Update: Satellites measuring Earth’s melting ice sheets go dark
27
October, 2017
Update,
27 October, 11:25 a.m.: NASA
announced today that it has ended GRACE's science
operations earlier
than expected, after determining that its remaining battery capacity
would not be sufficient for one last run that was previously planned
to last from October into early November. Its early demise leaves
what could be close to a half-year gap in its records before its
successor mission, GRACE Follow-On, launches early next year.
Here
is our earlier story from 15 September:
A
sentinel of Earth’s climate is going dark. After running for a
decade beyond its planned life, the Gravity Recovery and Climate
Experiment (GRACE) is nearly out of fuel and will soon make its
final science run, NASA announced late
yesterday. The tandem of satellites—called GRACE-1 and
GRACE-2—measure minute shifts in Earth’s gravity to chart flows
of mass across the planet, such as the unexpectedly rapid melt of
polar ice sheets and the drawdown of underground water reservoirs
called aquifers.
Scientists
had hoped GRACE would operate until its successor, the $550 million
GRACE Follow-on (GRACE-FO) mission, reached orbit. But troubles
securing a ride to space have delayed GRACE-FO’s launch until early
2018. Meanwhile, the battery in GRACE-2 used to store solar power has
been deteriorating rapidly, forcing the satellite to burn through
fuel. Engineers turned off an accelerometer last year to keep it
running, but the satellite’s data have continued to degrade.
On
4 September, scientists lost contact with GRACE-2 after another of
its battery cells stopped operating. Four days of feverish work
followed, with scientists steeling themselves for the mission’s
end. But finally, engineers bypassed the satellite’s flight
software, successfully rebooting it. NASA has now put GRACE-2 on
standby until mid-October, when it will run until early November in
full sun on its final planned science collection.
However
small, a gap between the missions will make it more challenging to
stitch their records together into a seamless whole, says Eric
Rignot, a glaciologist at NASA’s Jet Propulsion Lab in Pasadena,
California. There are alternative ways to calculate some of the
measures GRACE provides, so stopgaps are possible. For example,
changes in the mass of the ice sheets can be estimated by using other
satellite data to compare discharges of peripheral ice to snowfall
accumulations. But there is no comparable method to monitor changes
in the mass of glaciers or ice caps, let alone the measures of
Earth’s groundwater and soil moisture that hydrologists derive from
the satellites. “It would be an impossible task to fill the gap,”
Rignot says.
A dynamic duo
A
joint U.S.-German effort, GRACE has provided an unprecedented view of
the planet’s water and ice since its launch in 2002. The experiment
relies on measuring changes in the tug of gravity as the two
satellites orbit the Earth.
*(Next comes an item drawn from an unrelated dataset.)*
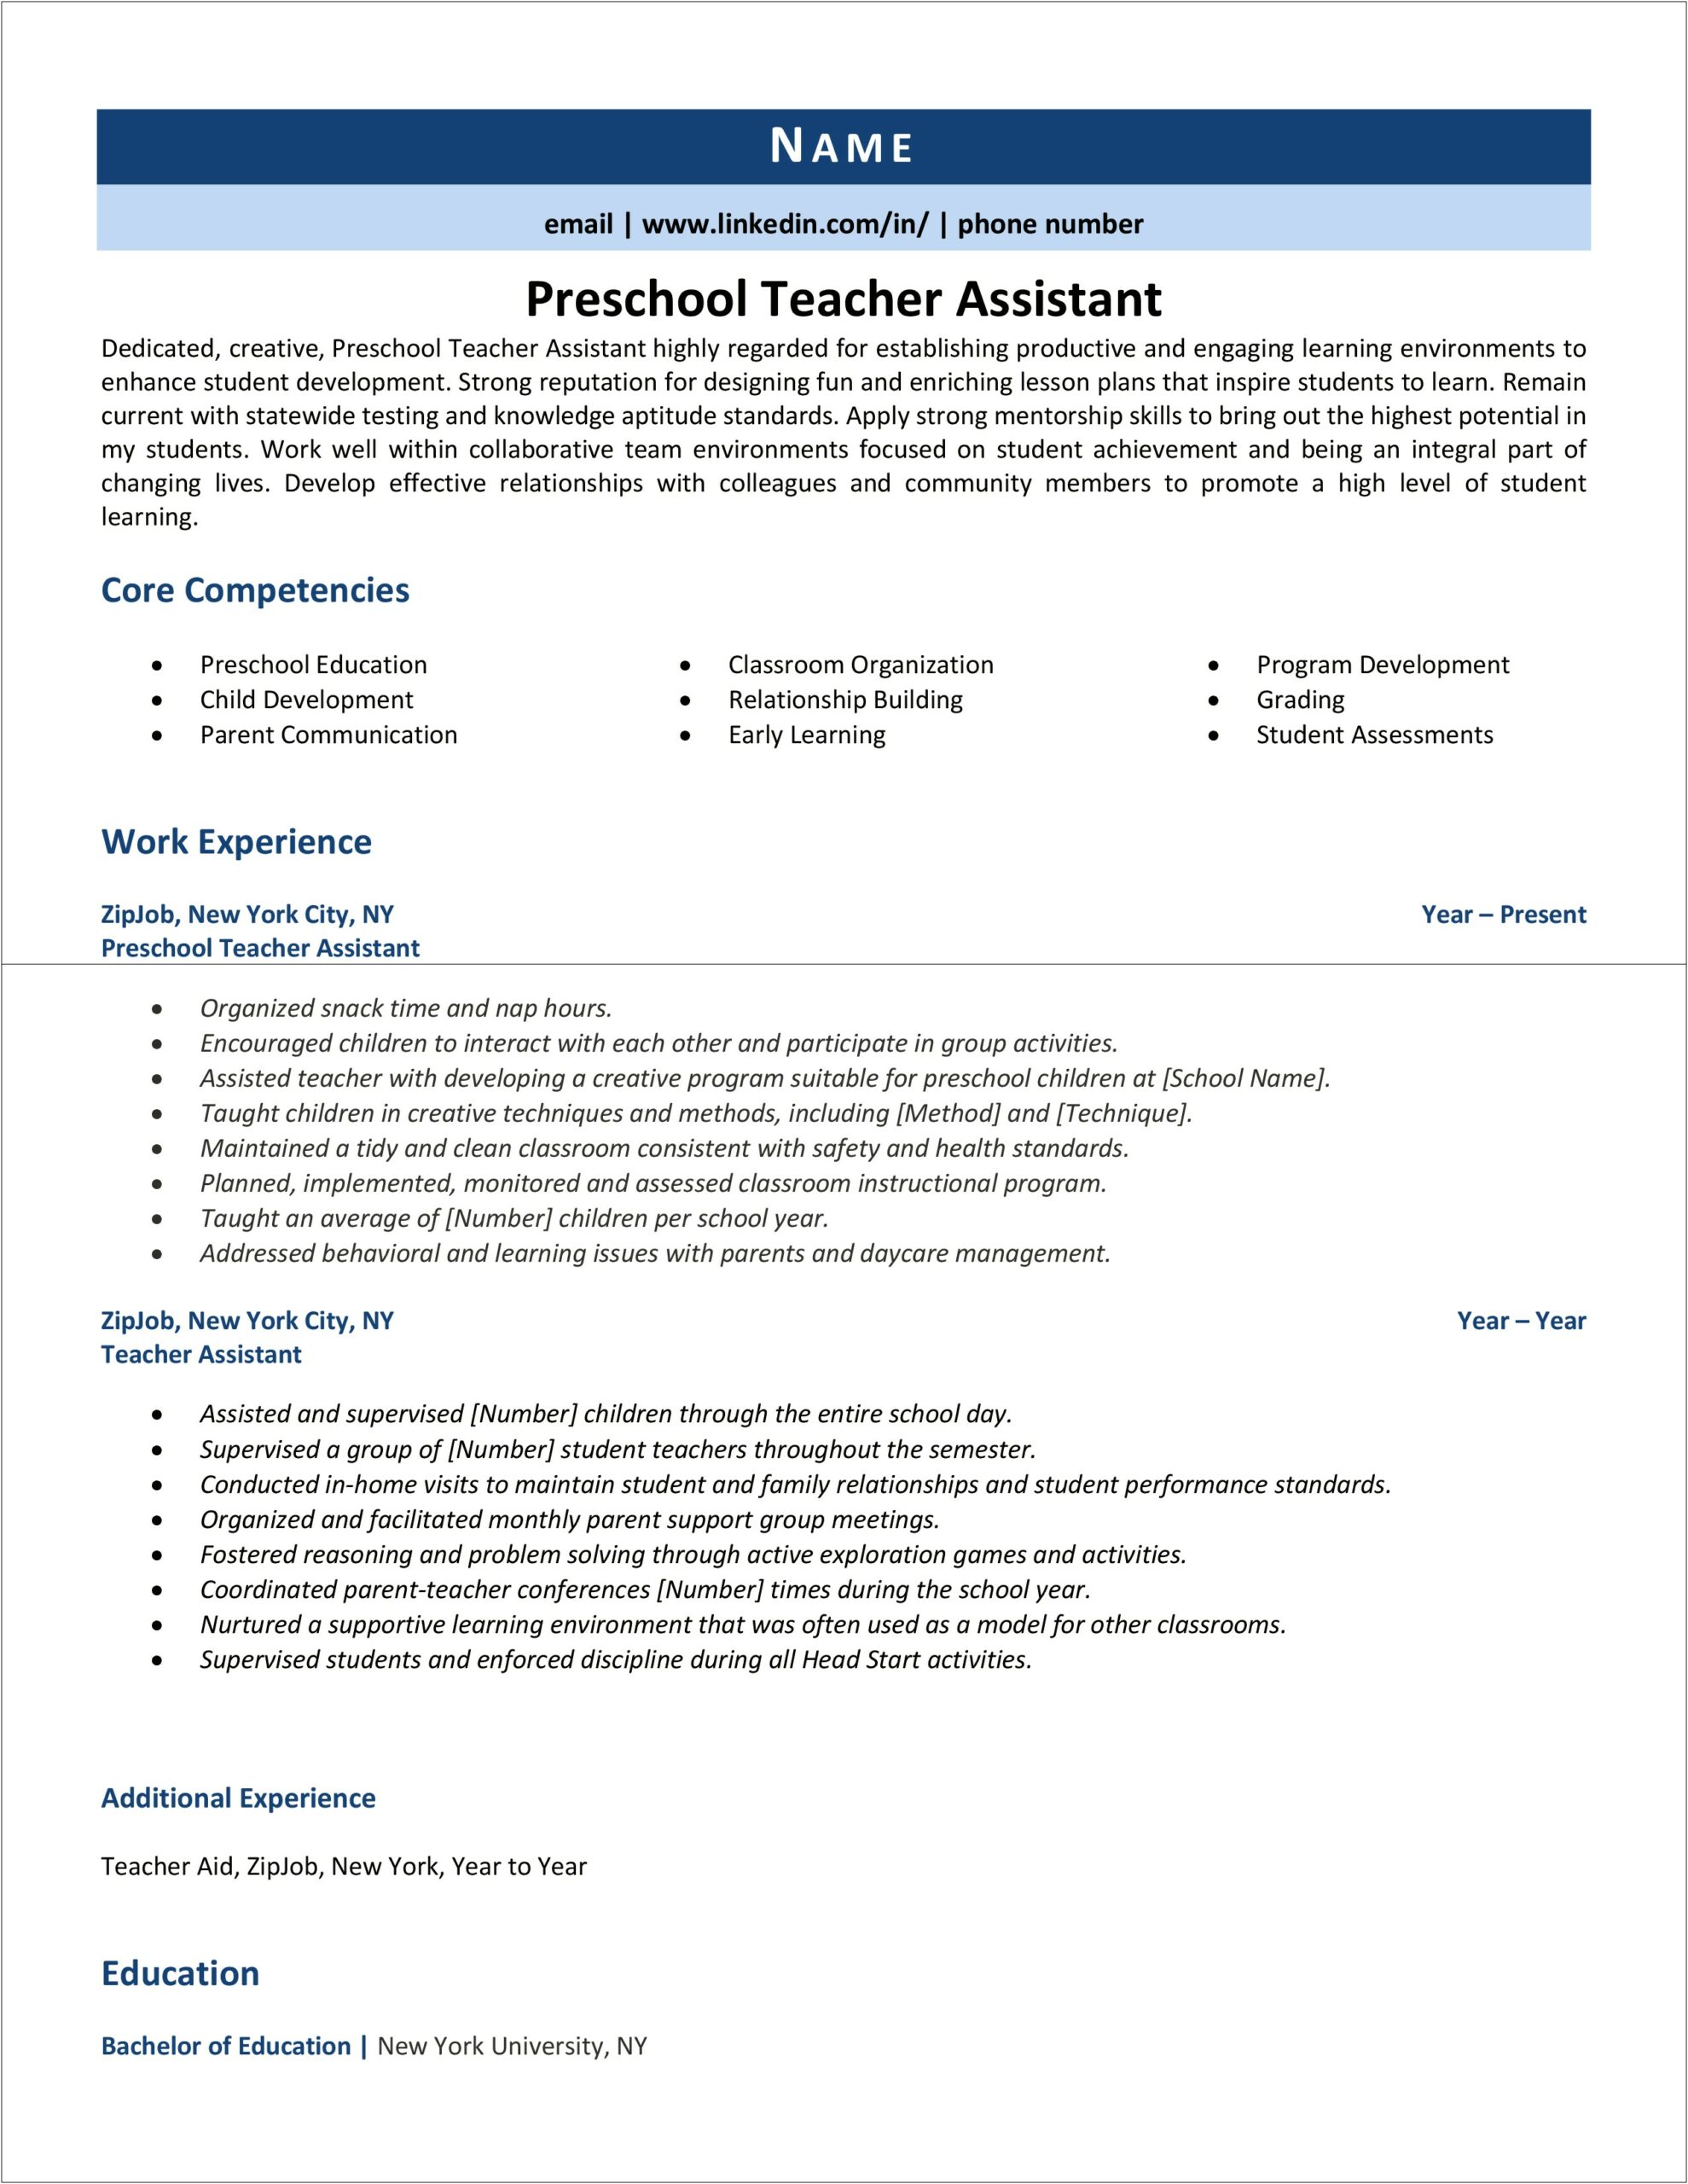 Preschol Teacher Job Duties For A Resume

Flying 220 kilometers apart, the GRACE
satellites constantly monitor their distance from each other with
microwave pulses, down to microns. When the satellites approach a
more massive feature, such as an ice sheet, the enhanced gravity of
that region tugs a little bit more on the first satellite—briefly
widening the distance between the pair—before the second satellite
catches up. The changes in distance can be translated into mass.
This
data revolutionized entire disciplines, such as hydrology, allowing
scientists to document the loss of groundwater due to human
exploitation. GRACE showed that the melting polar ice sheets are
contributing more to sea level rise than the demise of mountain
glaciers. Greenland, it found, is losing 280 gigatons of ice a year
on average, while Antarctica is shedding 120 gigatons—rates that
both seem to be accelerating. GRACE also inspired a similar mission,
NASA’s Gravity Recovery and Interior Laboratory, which probed the
moon’s interior.
There’s
much that can still be done with GRACE’s archival data, says
Isabella Velicogna, a geophysicist at the University of California,
Irvine. For example, Velicogna and her colleagues recently
used GRACE data to observe for the first time a strange,
counterintuitive effect:
Melting ice sheets in Greenland and Antarctica are pouring water into
the oceans and adding to sea level rise. But the lost ice also means
lost gravity—and so sea levels in the immediate vicinity of the ice
sheets actually drop, while ocean levels half a world away are
goosed. The dynamic, called sea level fingerprints, had wide
acceptance in the field, but GRACE provided the first direct
confirmation that it was happening.
Although
the data gap is unfortunate, it was never a sure bet that GRACE would
hold out, Velicogna says. And GRACE-FO, essentially a replication of
the first mission, will provide finer mass resolutions by measuring
the distance between the two satellites not
just with microwaves, but with an experimental laser ranging
interferometer.
It’s the same technology that could one day help a planned
satellite constellation capture gravitational waves.